Just before this weekly effort began 21 years ago this month, its two founders, the lovely Catherine and me, compiled a list of nearly 30 words we thought its title could include.
Two words, however, shouted to be in every permutation of every possible title: farm and food.
The point of farming was — is — food. So any comment, conversation or column about one had to include the other.
The latest publication to arrive at that same crossroads is National Geographic. On April 14, the 125-year-old NG launched NatGeoFood.com, interactive portal dedicated to “The Future of Food.” (Links to source material are posted at http://farmandfoodfile.com/in-the-news/.)
The website also kicks off an eight-month run of print stories NG will publish on “How we eat today and how we can provide food for all as the world’s population grows.”
Good photos
In true NG fashion, it is a visual feast of photos and graphics. The magazine series begins with May’s cover story, “Eat: The New Food Revolution.”
The story’s subtitle, “ A Five-Step Plan to Feed the World,” then offers ideas that tomorrow’s more crowded, less natural world will likely use to feed itself.
From the start, the article’s author, Jonathon Foley, the director of the University of Minnesota’s Institute on the Environment, tackles the central future-of-food question we in American agriculture love to fight over.
He writes, “Unfortunately the debate of how to address the global food challenge has become polarized, pitting conventional agriculture and global commerce against local food systems and organic farms…”
As such, “Those who favor conventional agriculture talk about how modern mechanization, irrigation, fertilizers, and improved genetics can increase yields to help meet demand. And they’re right.
“Meanwhile,” he continues, “proponents of local and organic farms counter that the world’s small farmers could increase yields plenty — and help themselves out of poverty — by adopting techniques that improve fertility without synthetic fertilizers and pesticides.
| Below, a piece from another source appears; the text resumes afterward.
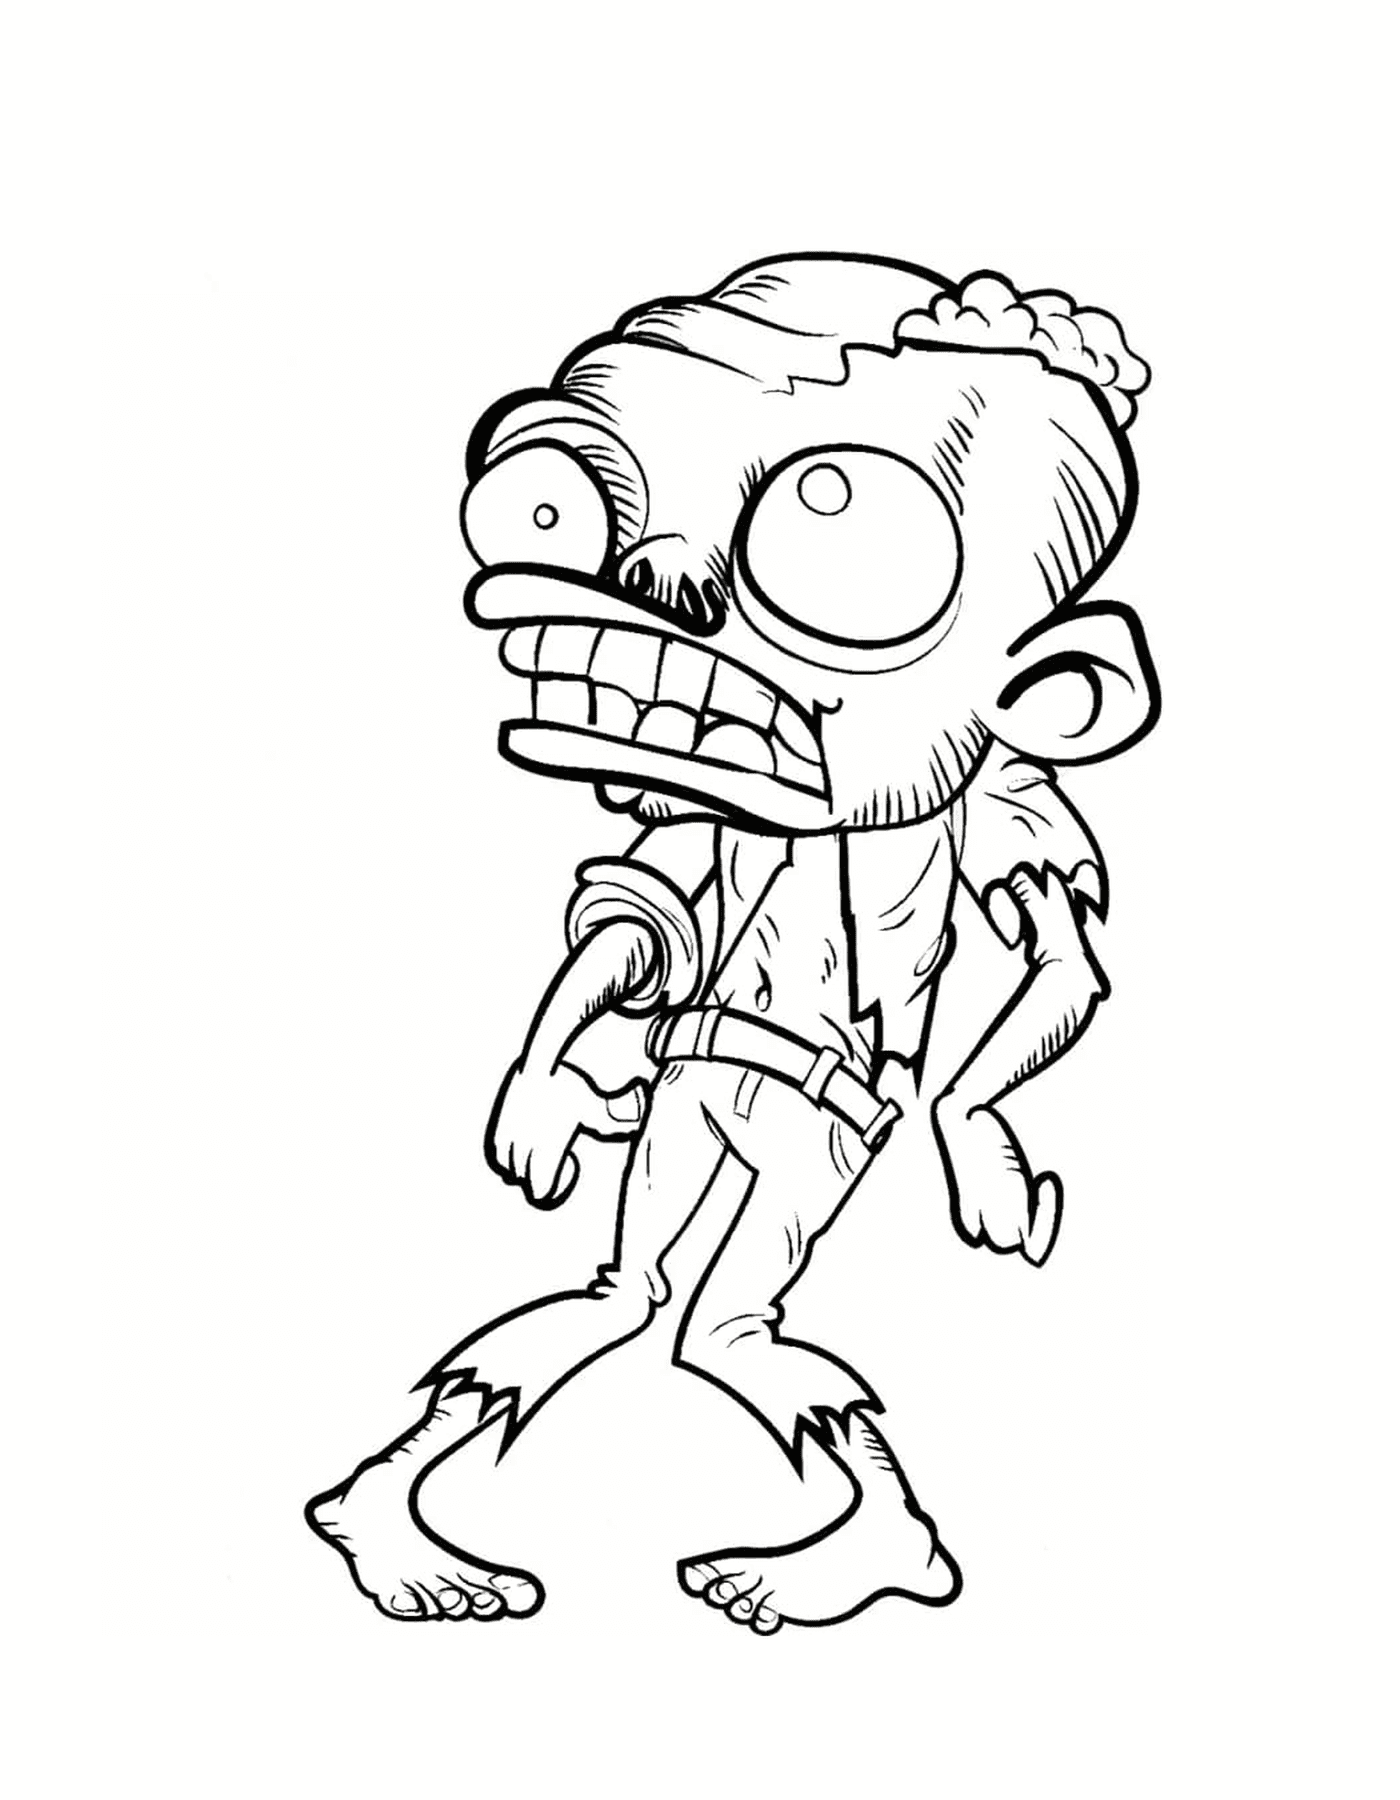  A really ugly zombie

They’re right, too.”
Everyone is needed
In short, stop arguing; the world will need every farmer — red, white and blue; green, brown or whatever — with any idea to meet the food needs of an estimated 2 billion more people by 2050.
The biggest problem will not be how to grow more food; we know how to do that.
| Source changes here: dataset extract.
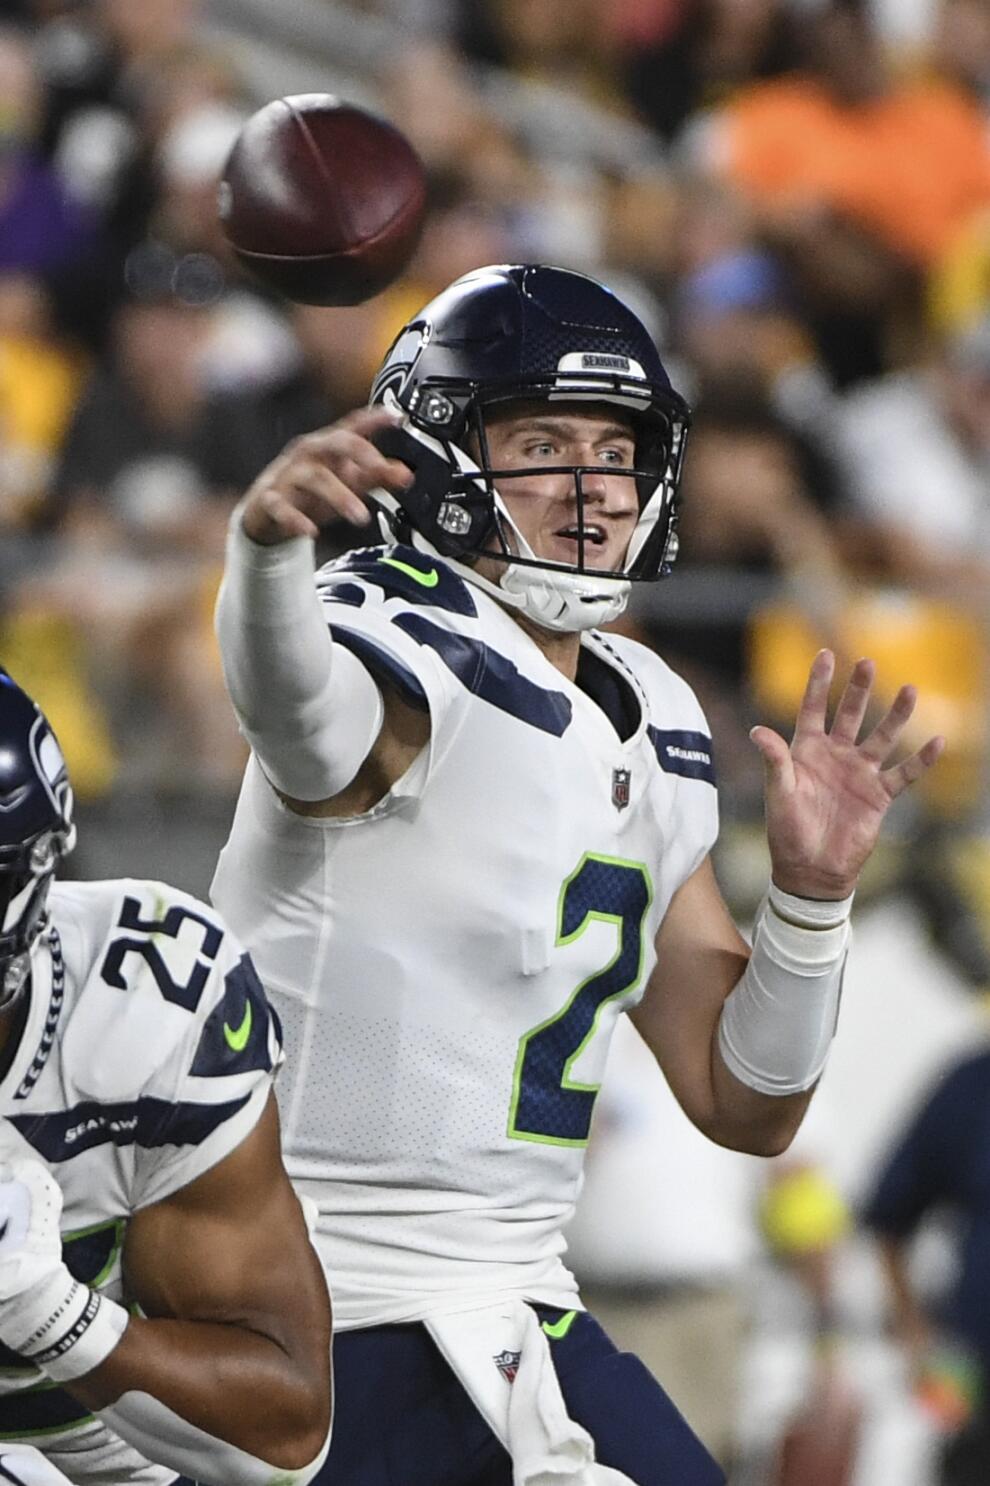 Seahawks hope to give Drew Lock plenty of action in finale - The

The biggest problem will be how to double today’s food “availability” while “simultaneously cutting the environmental harm caused by agriculture.”
It’s an equation many of Big Ag’s Big Boys choose to ignore.
The world’s already-stretched natural limits, however, cannot be ignored. Instead, Foley offers five steps that might solve this “dilemma.” None will be easy or without controversy.
Freeze the footprint
First, we must “freeze agriculture’s footprint.” When food needs grew in the past, we simply grew more farmland; we deforested hill and dale and plowed prairies. Tomorrow’s farmers will have to make today’s 20 million square miles of global farmland more productive.
That is, in fact, Foley’s step-two. His step-three advocates marrying everything we know about the art of farming — cover crops, mulches, rotations — with the ever-expanding science of farming (GPS, prescription fertilizers, advanced genetics) to “use resources more efficiently” to deliver more food and more “sustainability.”
Foley’s fourth-step holds two strategies today’s U.S. farmers will fight — more grain and less meat on future dinner plates and “curtailing the use of food crops for biofuels.”
Will more people eating more grain 35 years from now take up the slack in demand that a less-meat, no-biofuel future might hold?
Probably, but we’ll know better in 35 years.
And step-five? Waste less. It’s “estimated 25 percent of the world’s food calories and up to 50 percent of total food weight are lost or wasted before they can be consumed.”
Foley’s list is timely, practical and, for many farmers, tough to digest. It’s also a great new place to talk about where farmers and food are going in the next decades because wherever they’re going, they’re going together.